A Look Inside CMS' New Medicare Shared Savings Program
On Dec. 21, 2018, the Centers for Medicare & Medicaid Services issued a final rule[1] establishing the "Pathways to Success" program, which overhauls the Medicare shared savings program, or MSSP, for accountable care organizations. The changes primarily involve provisions for new beneficiary incentives, coverage of telehealth services and choice of beneficiary assignment methodology. The principal changes from the proposed rule announced in August, are adjustments to the proposed shared savings cap for a participation option and the proposed definition of low- and high-revenue ACOs. In addition to the changes contained in the final rule, in November CMS finalized certain changes to the MSSP as part of its calendar year 2019 Physician Fee Schedule final rule.[2] Those changes originally had been introduced in the proposed rule and include: (1) a new certified electronic health record technology, or CEHRT, threshold criterion to determine an ACO's eligibility for program participation to promote interoperability among ACO providers and suppliers; (2) refinements to the voluntary alignment process, allowing beneficiaries to select an ACO professional, regardless of specialty, as a primary care clinician; (3) policies intended to address extreme and uncontrollable circumstances experienced by ACOs (e.g., natural disasters) for performance year 2018 and subsequent years; and (4) revisions to the primary care services definition used in beneficiary assignment. (Law 360, January 14, 2019; this site requires registration)

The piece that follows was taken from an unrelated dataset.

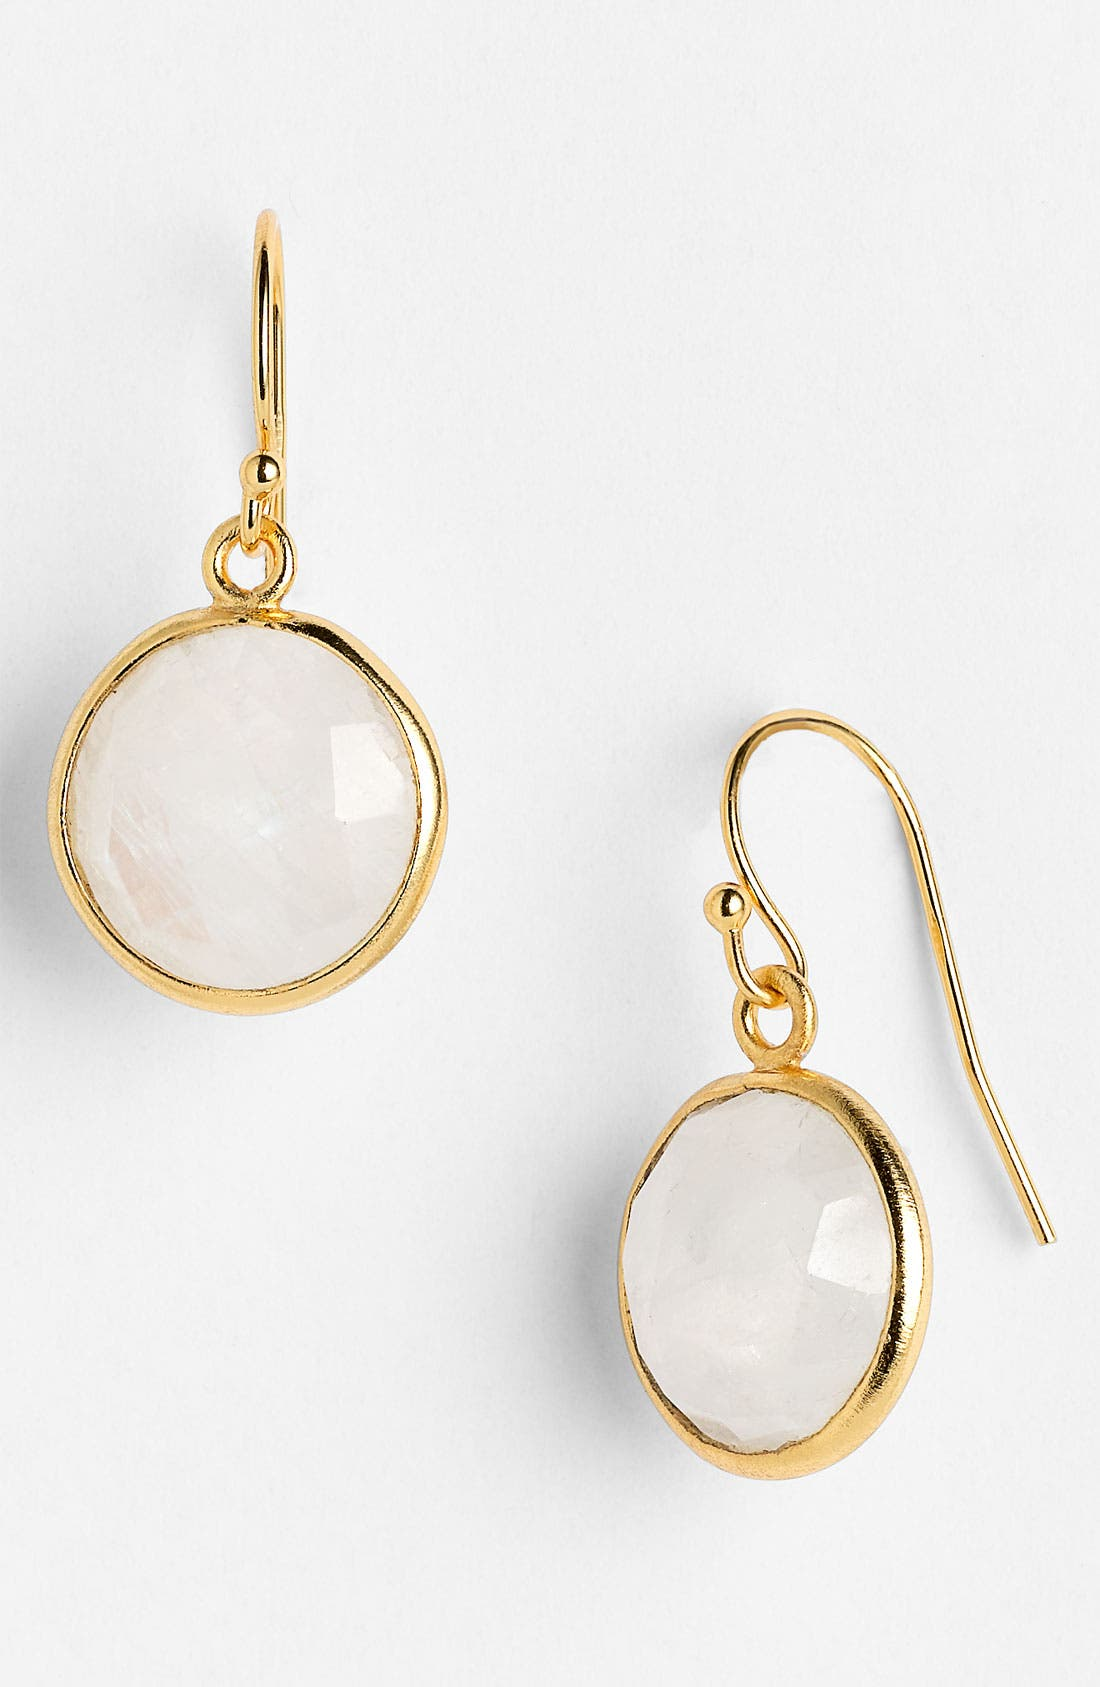 Main Image - NuNu Designs Round Semiprecious Drop Earrings

Beyond The HER: Shifting Payment Models Call for Hospital Investment in New Technology Areas

Executive summary
What kinds of technology are health systems investing in, and do investments vary depending on whether they have more payments based on quality and value?

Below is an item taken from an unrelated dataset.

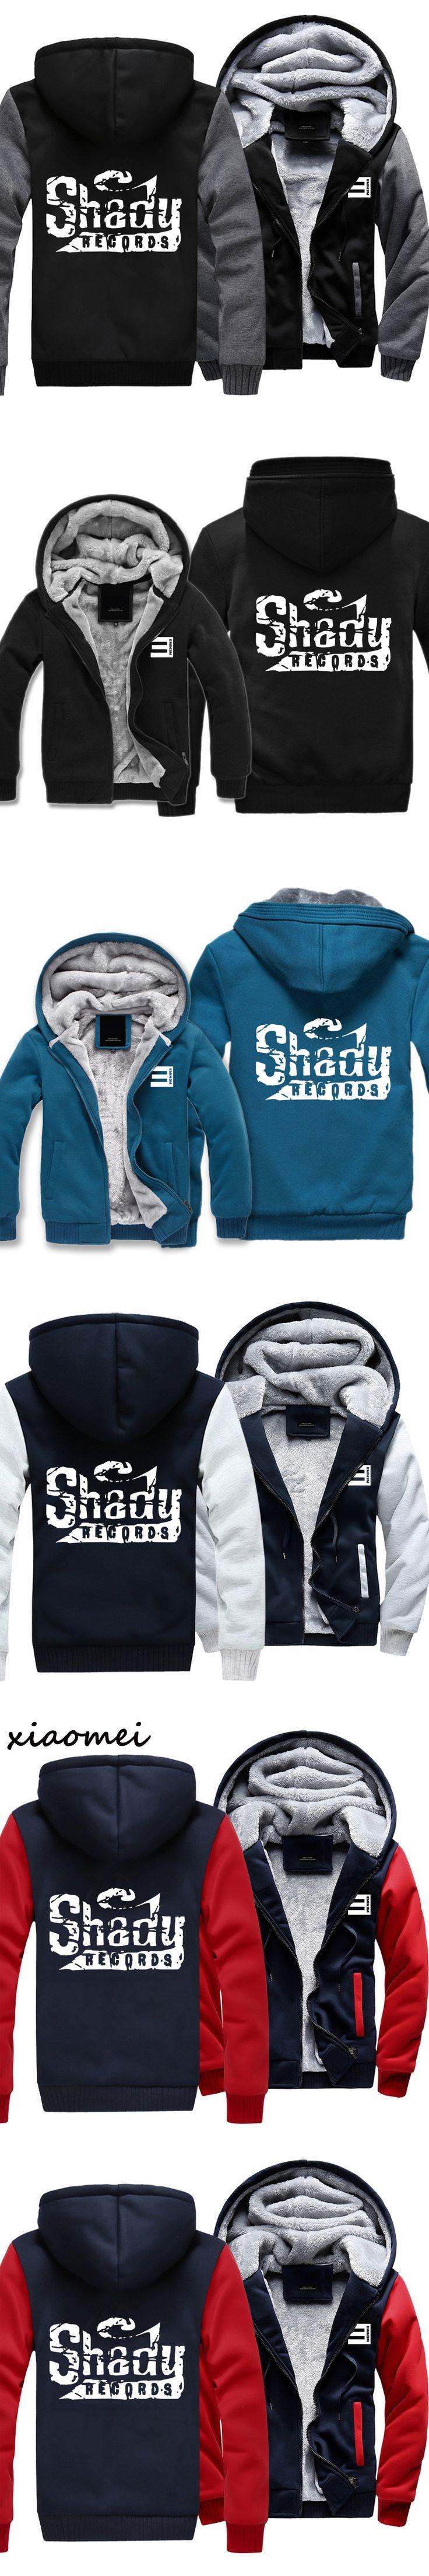 2017 New Men Hoodies Autumn Winter  Eminem Rap Hoody Fleece Hip Hop Sweatshirt Casual  Sudaderas Hombre  Cardigan

To answer this question, Deloitte researchers analyzed data from approximately 4,500 US hospitals between 2012 and 2016. Two notable findings emerged:

  1. Hospitals with more payments based on quality and value were more likely to adopt technologies for population health and care coordination, data aggregation and management, and reporting and analytics.
  2. Few hospitals have been investing in patient and provider engagement technologies or core applications that support operational and financial aspects of their business (such as supply chain management and revenue cycle management). For these kinds of technologies, we did not see differences in adoption based on the share of payments based on quality and value.

As hospital revenue tips more toward payments based on outcomes and risk and more consumers show an interest in taking their care into their own hands, health care systems--even those mainly working in traditional payment environments--should go beyond the electronic health record (EHR) to meet the demands of the new market. They should consider investing more in technology that supports patient and provider engagement and core applications. They may also need to make significant upgrades to core systems to adopt the capabilities required to manage downside risk under these new contracts. More recent evidence suggests that some leading health systems are investing in these areas as they gain more experience with new payment models. (Deloitte Insights, January 11, 2019)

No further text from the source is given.